Strategic organisational skills predict surgical training success.

Postgrad Med J 2020 Nov 12. Epub 2020 Nov 12.

School of Surgery, NHS Wales Health Education and Improvement Wales, Nantgarw, UK.

Introduction: Surgical career progression is determined by examination success and Annual Review of Competence Progression (ARCP) outcome, yet data on organisational skills are sparse. This study aimed to determine whether organisational skills related to Core Surgical Training (CST) outcome. Primary outcome measures include operative experience, publications, examination success (Membership of the Royal College of Surgeons or the Diploma in Otolaryngology-Head and Neck Surgery (MRCS/DO-HNS)) and ARCP outcome.

Methods: The study was conducted prospectively at three consecutive CST induction boot camps (2017-2019) providing clinical and simulation training for 125 trainees. Arrival time at course registration was the selected surrogate for organisational skills. Trainees were advised to arrive promptly at 8:45 for registration and that the course would start at 9:00. Trainee arrival times were grouped as follows: (before 8:45), (8:45-8:59am) or (after 9:00). Arrival times were compared with primary outcome measures.

Setting: Health Education and Improvement Wales' School of Surgery, UK.
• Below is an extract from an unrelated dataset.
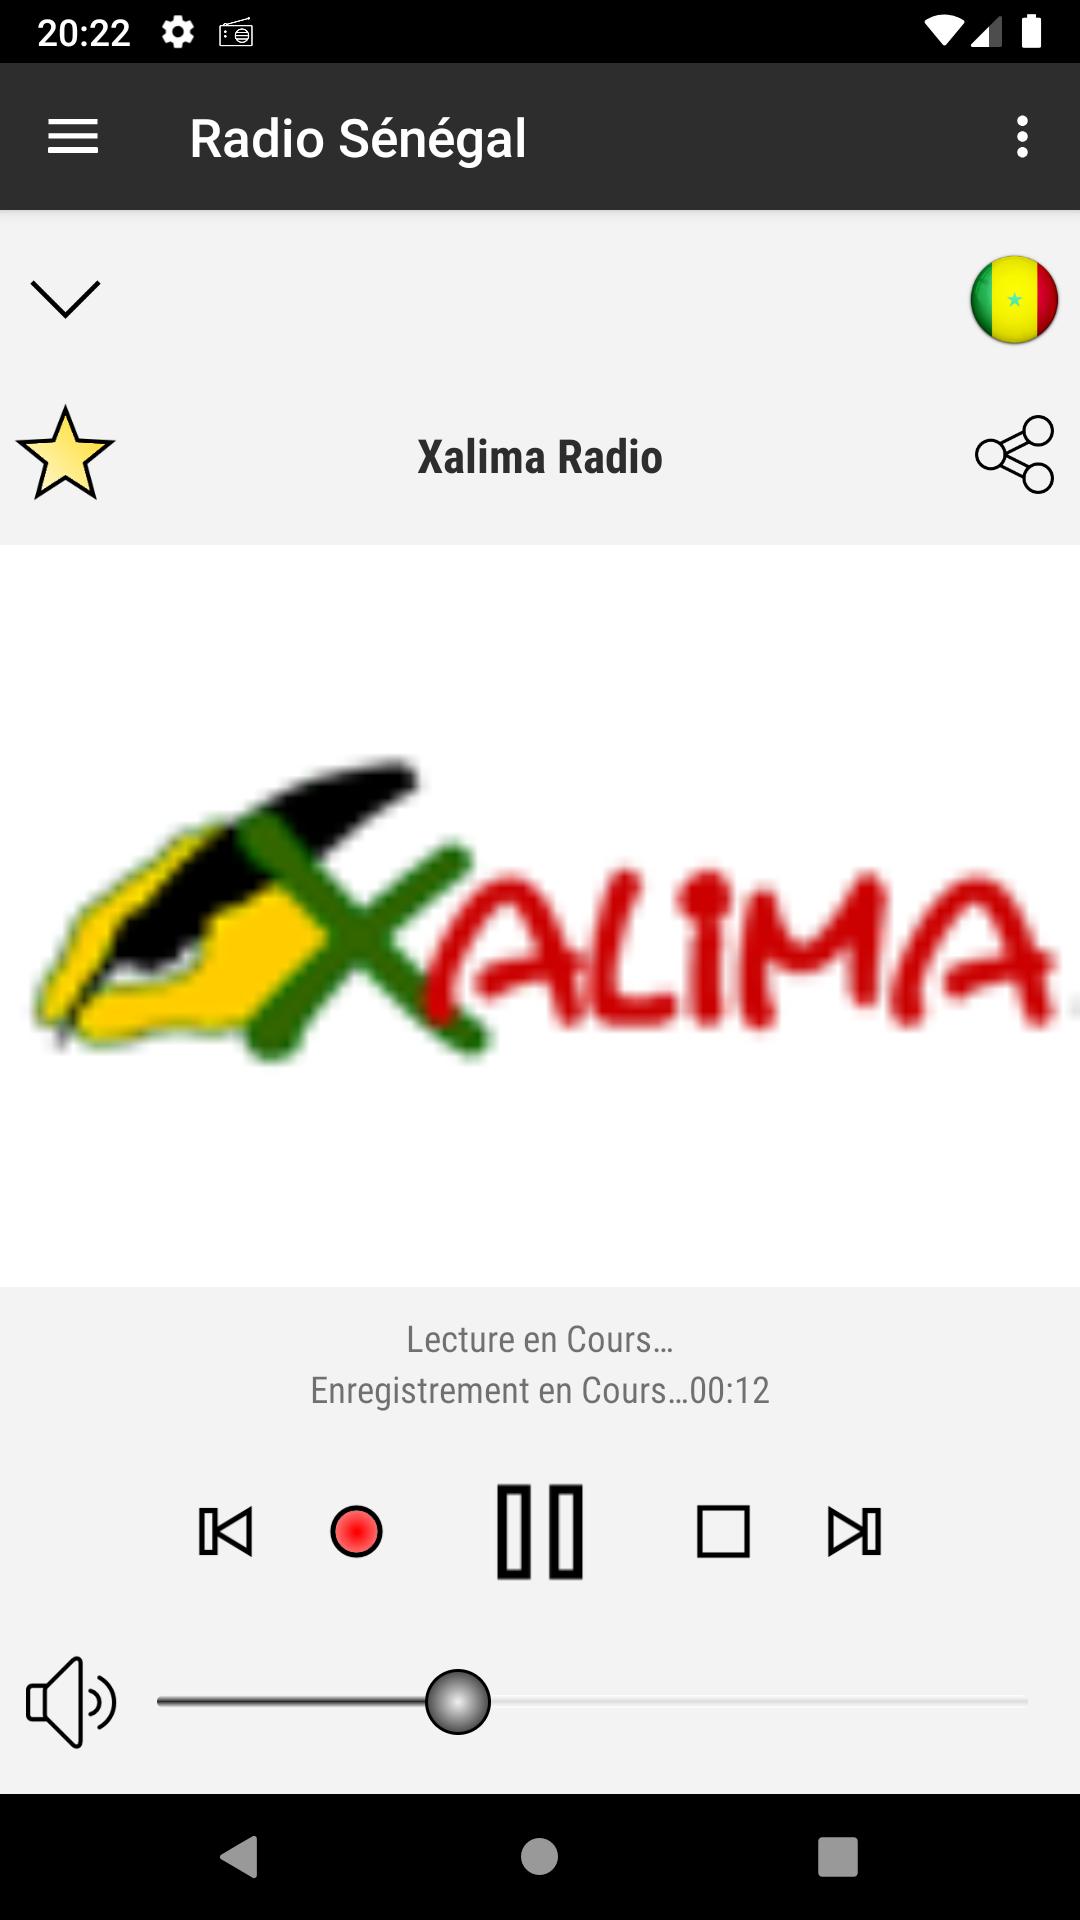 Radio Sénégal : Radios Sénégalaises en direct for Android - APK Download

Results: Median arrival time was 8:53 (range 7:55-10:03), with 29 trainees (23.2%) arriving early, 63 (50.4%) on-time and 33 (26.4%) late. Arrival time was associated with operative experience (early vs late; 206 vs 164 cases, p=0.012), publication (63.2% vs 18.5%, p=0.005), MRCS/DO-HNS success (44.8% vs 15.2%, p=0.029), ARCP outcome (86.2% vs 60.6% Outcome 1, p=0.053), but not National Training Number success (60.0% vs 53.3%, p=0.772).

Conclusions: Better-prepared trainees achieved 25% more operative experience, were four-fold more likely to publish and pass MRCS, which aligned with consistent desirable ARCP outcome. Timely arrival at training events represents a skills-composite of travel planning and is a useful marker of strategic organisational skills.